January 27, 1945  The Great Raid

Today, Cabanatuan calls itself the “Tricycle Capital of the Philippines”, with about 30,000 motorized “auto rickshaws”. 72 years ago, it was home to one of the worst POW camps of WWII

Today, Cabanatuan calls itself the “Tricycle Capital of the Philippines”, with about 30,000 motorized “auto rickshaws”.  72 years ago, it was home to one of the worst POW camps of WWII.

bataan1942 was a bad year for the allied war in the Pacific.  The Battle of Bataan alone resulted in 72,000 prisoners being taken by the Japanese, marched off to POW camps designed for 10,000 to 25,000.

20,000 of them died from sickness or hunger, or were murdered by Japanese guards on the 60 mile “death march” from Bataan, into captivity at Cabanatuan prison and others.

Cabanatuan held 8,000 prisoners at its peak, though the number dropped considerably as the able-bodied were shipped out to work in Japanese slave labor camps.

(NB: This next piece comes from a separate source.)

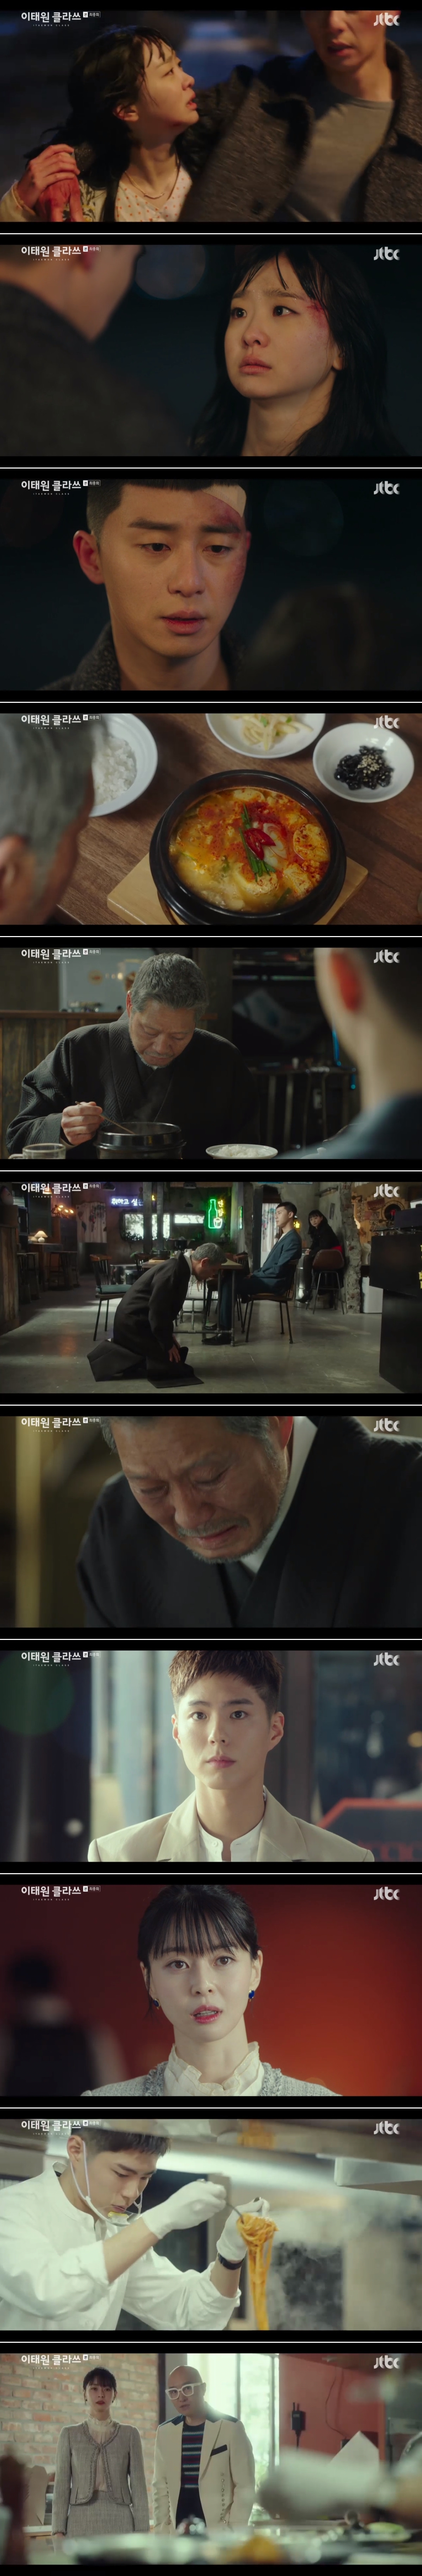 In JTBCs Itaewon Clath (director Kim Sung-yoon, playwright Cho Kwang-jin), which was broadcast on the afternoon of the 21st, Park fell to his knees in front of Jang Dae-hee to find out where Joe-yool Lee (Kim Da-mi) is.Jang Dae-hee laughed, Why are you doing this? Where are you going? You kneel at this job. It is not like you are being pushed by power.So Park said, Ive been living with vengeance, and this man, Jang Dae-hee, was both the enemy and the great man who drove my life to hell.I thought it was worth it so far, and I feel sorry for the time that a man like that tried to catch up with an ugly old man who was kneeling against a hostage. The embattled Joe-yool Lee fled after telling Jang Geun-soo (played by Kim Dong-hee) to leave the iron pipe and cheer up; Jang Geun-soo was embarrassed and swung the iron pipe, saying, Im trying to cheer up.Kim Hee-hoon (Won Hyun-joon) shouted, Stop giving up, I can not run anyway. But Joe-yol Lee continued, Give up on you, you loser.At the same time, Roy ran to save Joe-yool Lee with Choi Seung-kwon (Ryu Kyong-su) and found Joe-yool Lee.On the other side, a car was running with Jean and Kim Hee-hoon, who ordered Choi to Park and the two rushed.But eventually, the Fountainhead car avoided the Roy, who got out of the car and gave a loving hug to Joe-yool Lee.Choi told Roy to take Joe-yool Lee away, saying he would clean up the situation.I missed so much, always trying and hurting because of me. How could I do this? My mind is full of you.I wonder if you were in this. I love you. I love you, Seo-yool Lee. I love you so much.The situation was finally over when the police were called. Roy knelt down when he met Joe-yool Lees mother, Min Jung (Kim Yeo-jin).Joe Min Jung said, Seo-young Lee is properly responsible, and Park Roy called it mother and got permission.SuA (Kwon Nara) handed over the corruption file of the Changga to the police and the Changga was placed in a position to be seized.Jang Dae-hee called his big hand, Kim Soon-rye (Kim Mi-kyung), and asked for help, but Kim Soon-rye hung up saying, It seems that it is not here to hold the knife.After that, Jang came to the moon and faced Roy, who boiled the sundubu stew and Jang Dae-hee started to eat it deliciously.Park said, We are pursuing a merger of the long-distance takeover.Im going to throw away the name Jangga because it has a corporate image and a bad Feeling. Jang Dae-hee said, This stew. Who taught you?and Roy said, Its my father. Jang Dae-hee said, I was treated to such a delicious meal. I didnt bring money.I can not replace it with something else. He knelt in front of Roy.Jang Dae-hee said, What would be the benefit of merging the downfall of the long-awaited takeover? All of my fault.I did something bad to Park and you. Im sorry. Let me get this out of you. So Park said, Its a picture I wanted, but Im not happy.I am a trader. What is the value of an apology that has lost all of its business takeover?Business. Chairman. Jang Dae-hee hesitated and wailed.In the end, Park Roy succeeded in taking over Jangga. Park said at the extraordinary shareholders meeting, Jangga is a representative food company in Korea.In times of difficulty, the country had comforted the people with low prices and tastes. Money and profits were not the only things that Chang sought.Ill put more emphasis on people than on money. Ill put more emphasis on trust than on gains, he said.Park remained friends with his old love, SuA, as he checked his mind toward Joe-yool Lee.After organizing his mind for Park, SuA started a new life as a restaurant president and Park Bo-gum appeared as a chef interviewer and caught his attention.Thumb by Choi Seung-kwon and Ma Hyun-yi (Lee Joo-young) also started.On the other hand, Itaewon Clath has been loved by viewers by offering exciting and exciting catharsis through the hip rebellion of youth including Roy in the unreasonable world.Park Seo-joon, Kim Da-mi, Kwon Nara, Yoo Jae-myeong, Kim Dong-hee, An-hyun, Kim Hye-eun, Ryu Kyong-su, Lee Ju-young and other actors led the Itaewon Clath syndrome.Kim Hee-ae and Park Hae-joon will be the first to broadcast the World of Couples, which is the Main actor.

Two rice rations per day, fewer than 800 calories, were supplemented by the occasional animal or insect caught and killed inside camp walls, or by the rare food items smuggled in by civilian visitors.  2,400 died in the first eight months at Cabanatuan, animated skeletons brought to “hospital wards”, which were nothing more than 2’x6′ patches of floor where prisoners waited to die.  A Master Sergeant Gaston saw one of these wards in July 1942, saying: “The men in the ward were practically nothing but skin and bones and they had open ulcers on their hips, on their knees and on their shoulders…maggots were eating on the open wounds. There were blow flies…by the millions…men were unable to get off the floor to go to the latrine and their bowels moved as they lay there”.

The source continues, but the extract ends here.